Para ascender de categoría social, el padre de Kafka intenta borrar su pasado judío, pero Franz comienza a interesarse, investigando el judaísmo jasídico y el sionismo, lo que provoca constantes enfrentamientos con su padre. Tras no destacar en los estudios y abandonar las carreras de Química e Historia del Arte, Franz entra, obligado por su padre, en la carrera de Derecho, de la que se doctora en 1906.
Y aquí ya comienza a verse una clara dicotomía en la vida del autor que se mantendrá hasta su muerte: por el día realizará un trabajo burocrático y gris en una empresa de seguros; y por la tarde organizará actividades literarias y sociales de teatro judío.
En 1911 funda la primera fábrica de amianto de Praga, pero enseguida abandona el negocio al darse cuenta de que interfiere con el tiempo dedicado a la literatura, volviendo al mundo de los seguros que no abandonará hasta conseguir la jubilación anticipada.
Y es que, aunque lo odiaba profundamente, el trabajo mecánico le dejaba el suficiente tiempo para dedicarse a sus pasiones: investigar la cultura judía y, sobre todo, escribir. Kafka iniciaba su verdadera “jornada laboral” a las diez de la noche, y no se levantaba de la mesa hasta pasadas la una o las dos de la madrugada. En una ocasión permaneció sin levantar los ojos del papel hasta las seis de la madrugada, terminando de una tacada el libro “La condena”.

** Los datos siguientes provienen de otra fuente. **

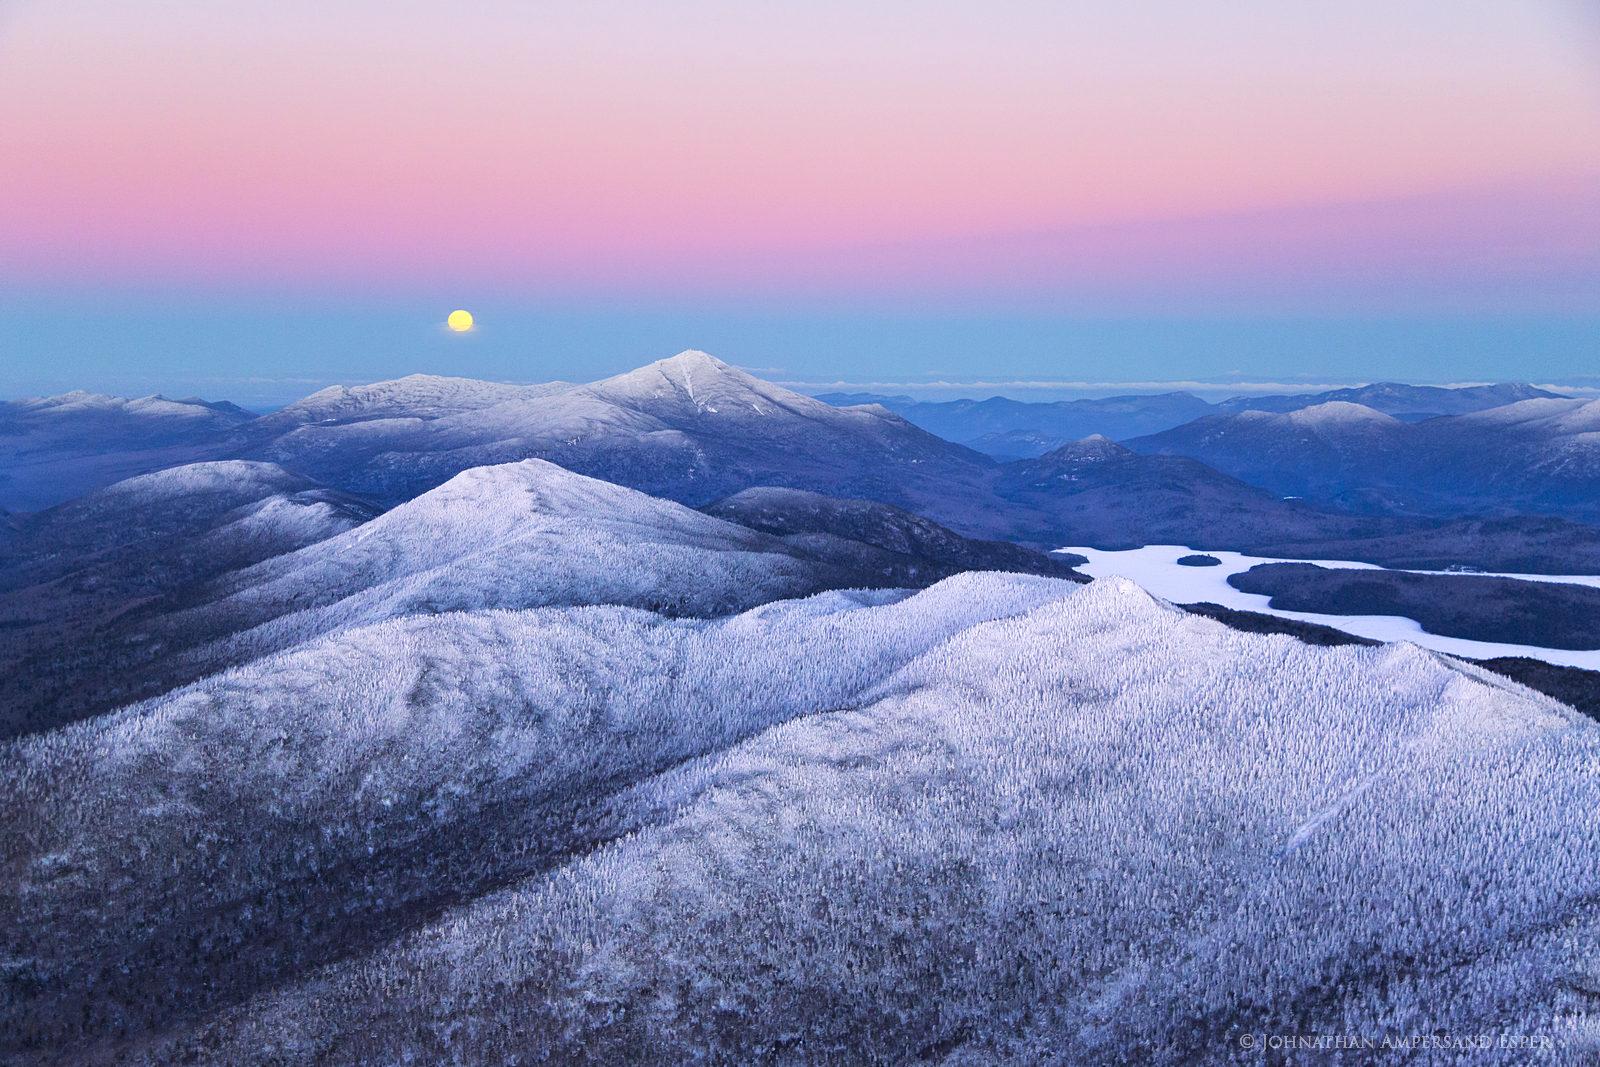 McKenzie Mt,Whiteface Mt,full moon,moon,moonrise,pink,dusk,winter,Lake Placid,High Peaks,Adirondacks,Adirondack,region,rising...

Tras estas sesiones de escritura intentaba dormir, pero no lo conseguía a causa del insomnio, por lo que su salud se fue debilitando. En 1917 le detectan una tuberculosis que irá consumiendo su vida. Tras conseguir la baja médica se recluirá en distintos sanatorios hasta que, en 1923, conoce a Dora Diamant, una periodista de veinticinco años con la que planea viajar a Israel.
Su débil estado de salud le impide realizar el viaje, pero sí se traslada a Berlín, donde puede dedicarse en cuerpo y alma a escribir. En plena Navidad de 1923 contrae una pulmonía, lo que le obliga a volver a Praga en marzo del 24 para comenzar una dolorosísima fase final de su enfermedad que terminaría el 3 de junio de 1924 con su muerte.

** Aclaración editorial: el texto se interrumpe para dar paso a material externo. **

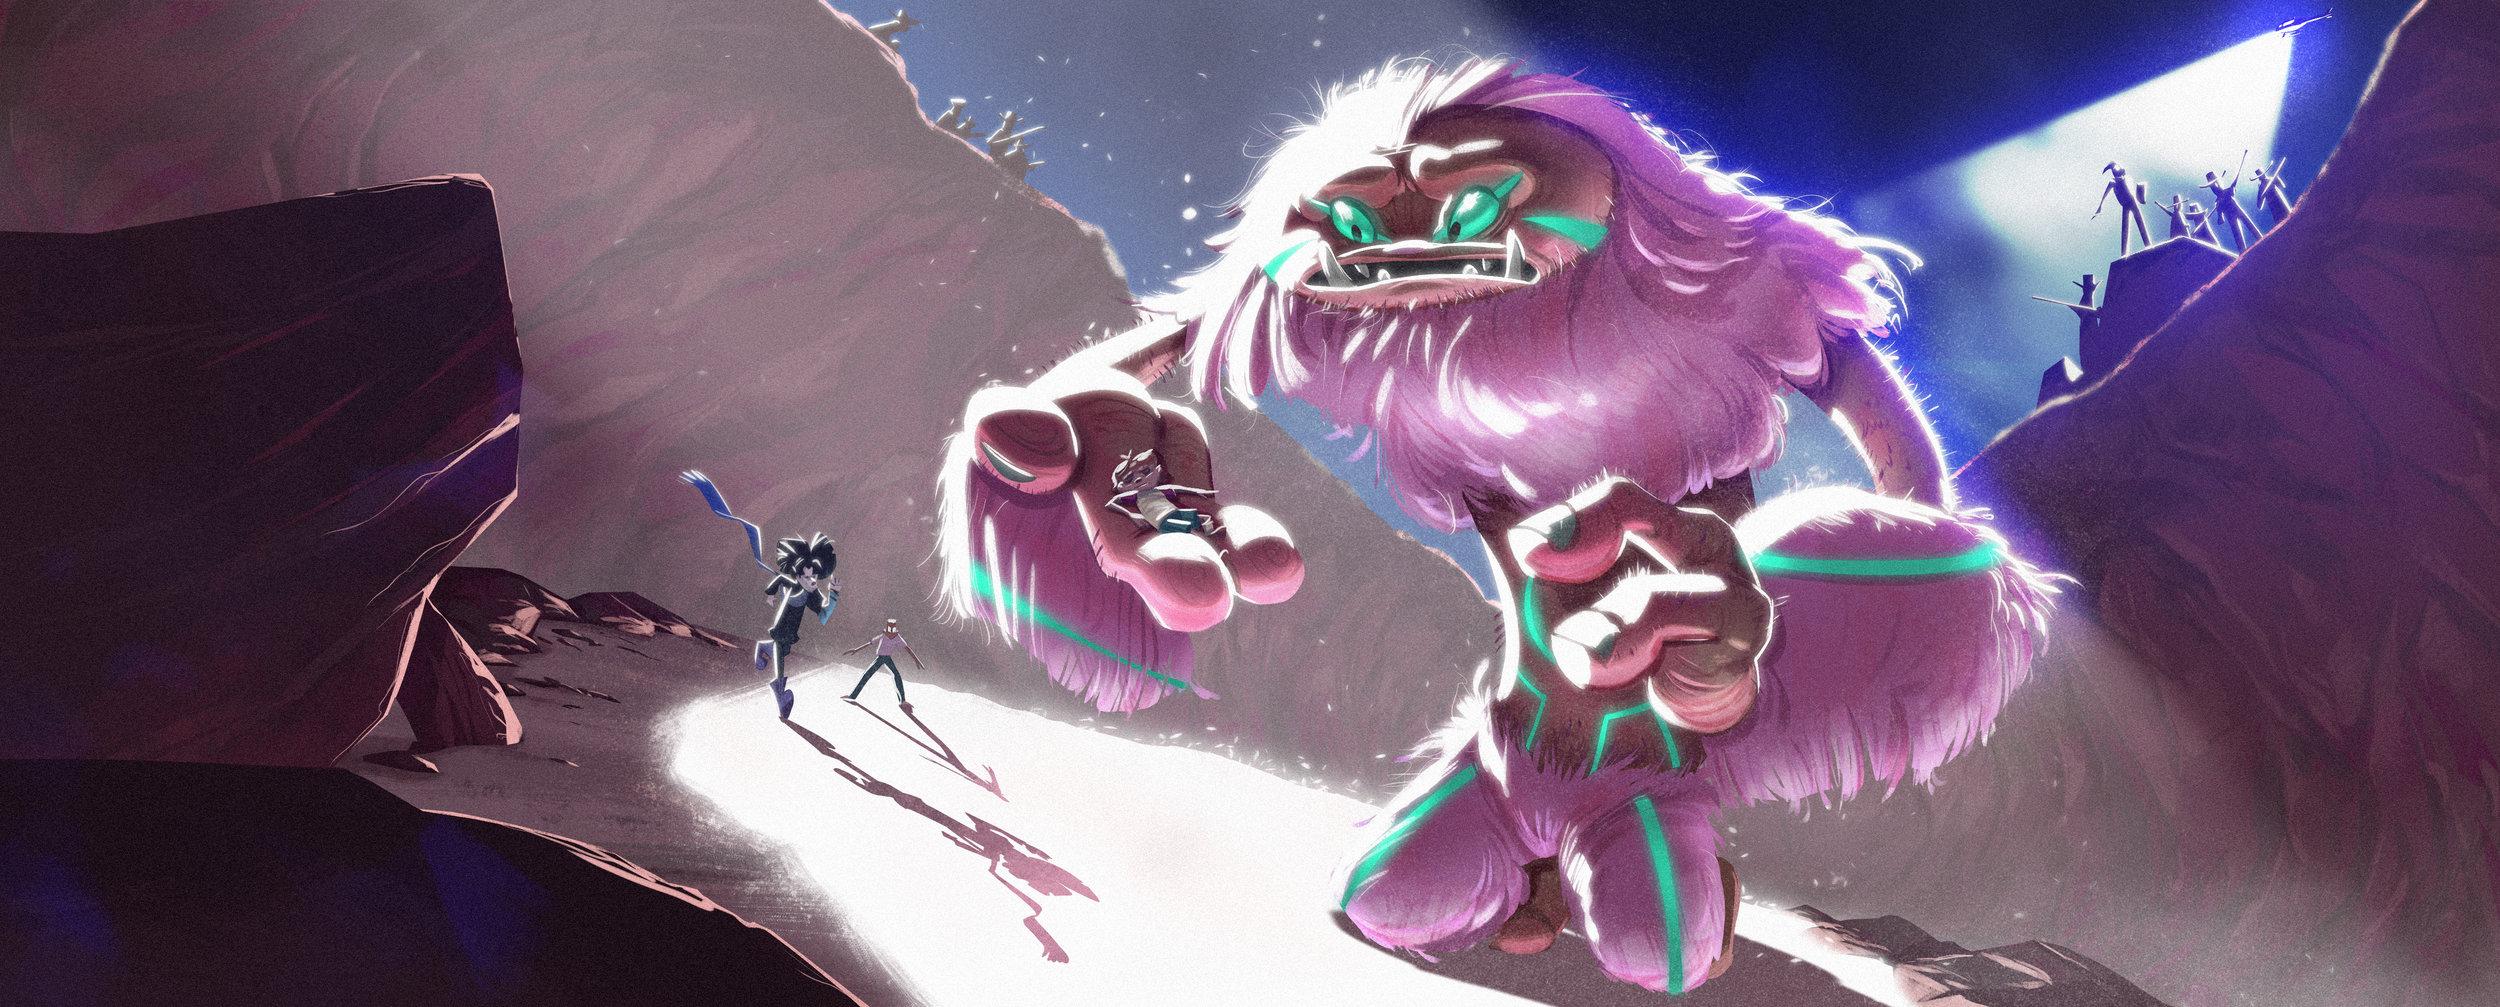 BigfootSAD_FINAL.jpg

Así terminaba una vida gris y desconocida para el gran público que debería haberse quedado ahí, o al menos eso es lo que pretendía el autor, pues en su lecho de muerte hizo prometer a su gran amigo Max Brod que destruiría toda su creación literaria después del fallecimiento.
Pero el albacea se negó a hacerlo, comenzando a publicar las obras del autor, y renunciando así a su propia gloria, pues Brod, escritor prolífico e importante intelectual de la época debió escoger entre llevarse sus propios escritos o los de su amigo ante la llegada de los nazis.
La decisión de Brod iniciará un curioso proceso judicial que nada tiene que envidiar al de sus personajes, pues tras su muerte se abrirá una batalla judicial por los manuscritos de Kafka, y, por lo tanto, con los derechos de las obras, un asunto que no se ha resuelto hasta hace pocos años, cuando la Biblioteca Nacional de Israel se hacía con todos los derechos de la obra de Franz Kafka.